In 1880, French Modernist sculptor, Auguste Rodin, was commissioned to produce a monumentally-sculpted main door for a planned Museum of Decorative Arts in Paris. The aesthetic theme and subject matter was left to Rodin's discretion, however, it was agreed that the door would be delivered five years later, in 1885. Rodin worked on the commission (on and off) for 37 years, until his death in 1917.
Rodin, inspired by the great Italian Poet Dante Alighieri, selected the theme "The Gates of Hell," taken from The Inferno. He designed the model for a massive bronze door, embellished (on and around the door) with 180 cast figures (the smallest being about 6 inches tall and the largest a little over three feet).
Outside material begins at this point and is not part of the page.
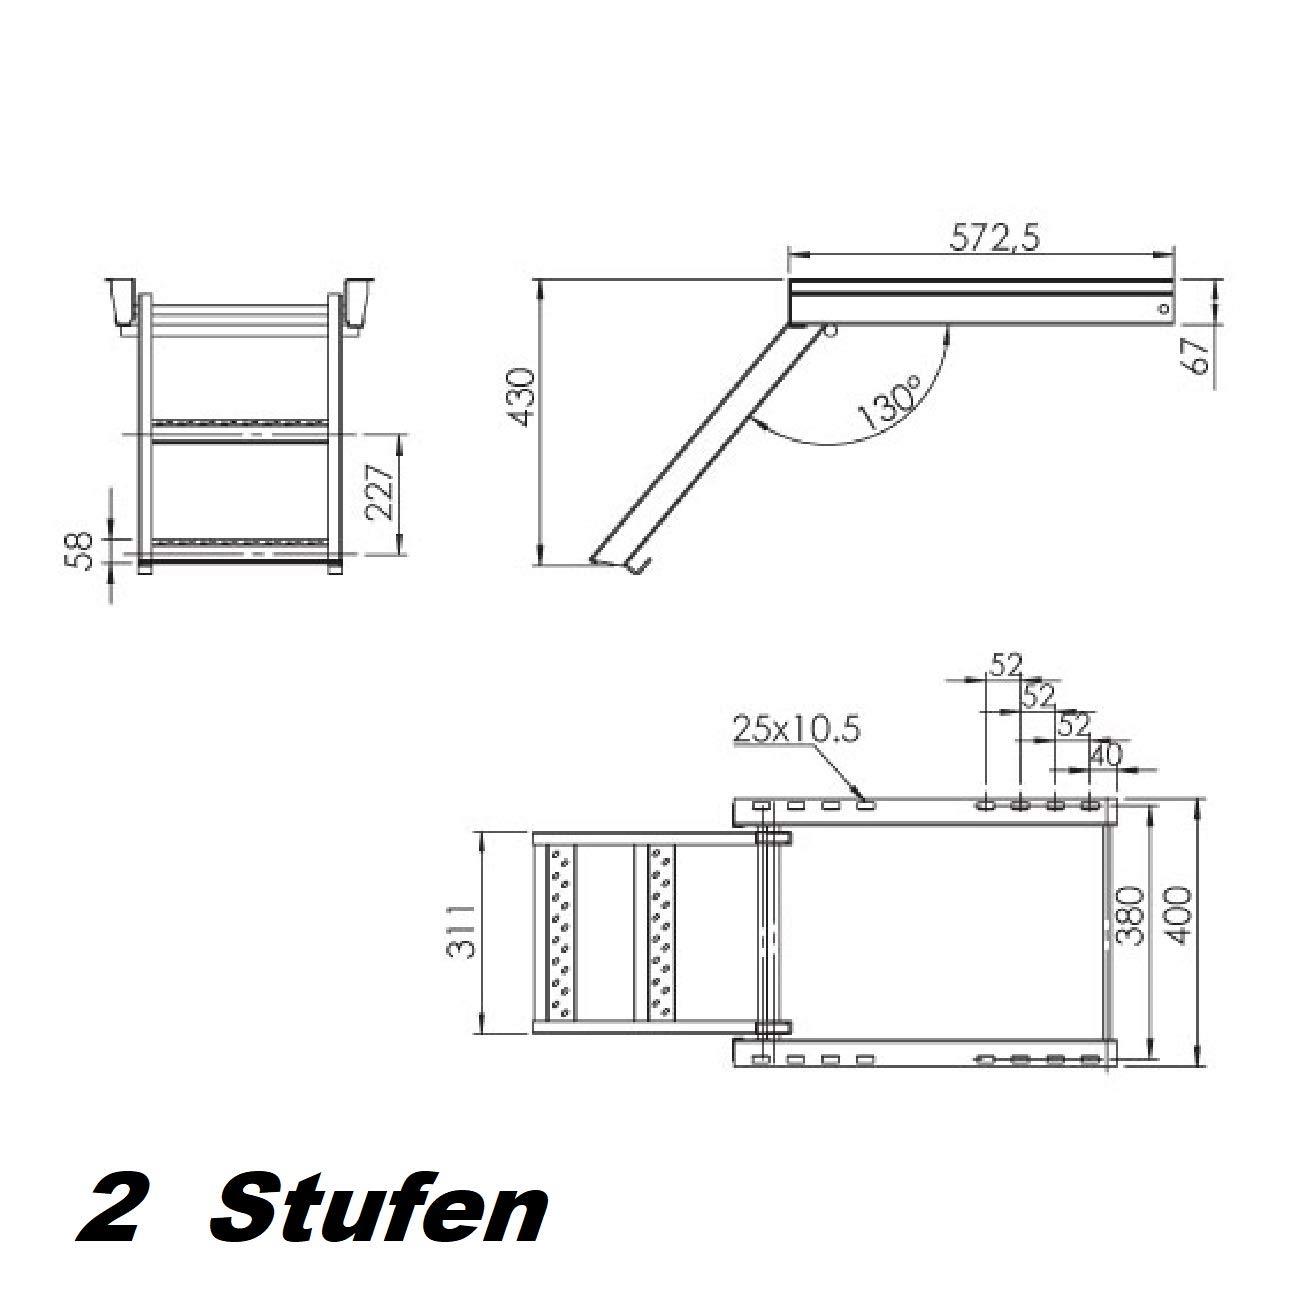 escalera de mano de 2 pasos Escalera de mano escalera de mano escalera de construcci/ón escalera de cami/ón remolque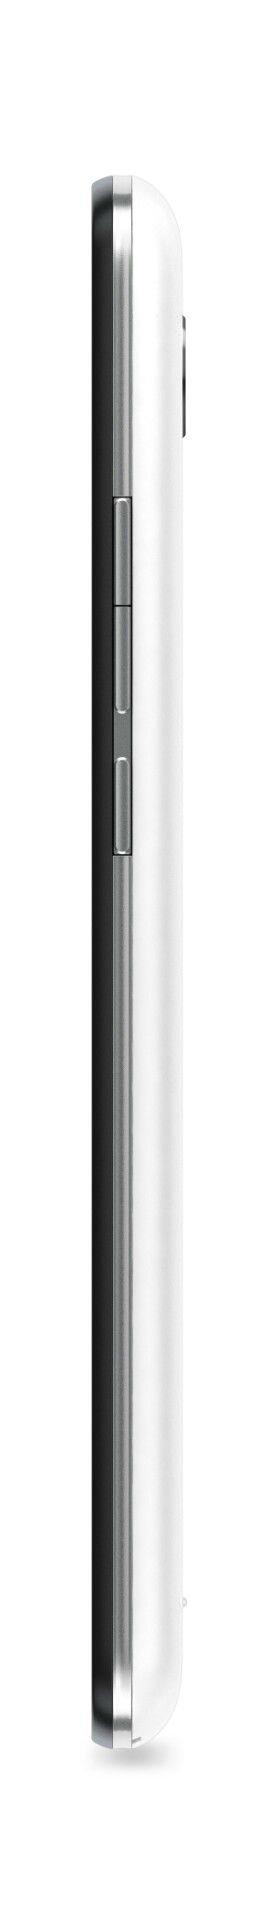 Acer-Liquid-Zest-abs-Zest-4G_16-w600

Rodin originally named this largest figure "The Poet"—though scholars remain uncertain who this figure was meant to represent: Dante? Adam? Rodin himself?
In 1917, the year Rodin died, the model was taken to the foundry, to finally be cast in bronze. "The Poet," the largest of the figures, had previously been cast (as a stand-alone piece) and reminded some of the metal workers of Michelangelo's Renaissance marble sculpture of Lorenzo di Medici—seated, pensively, atop his tomb in Florence—known by the Italian nickname Il Pensieroso ("The Thinker"). These workers re-named Rodin's "Poet" Le Penseur ("The Thinker"). Well before the doors were cast, Rodin had started to see the possibility of casting Le Penseur as a stand-alone piece.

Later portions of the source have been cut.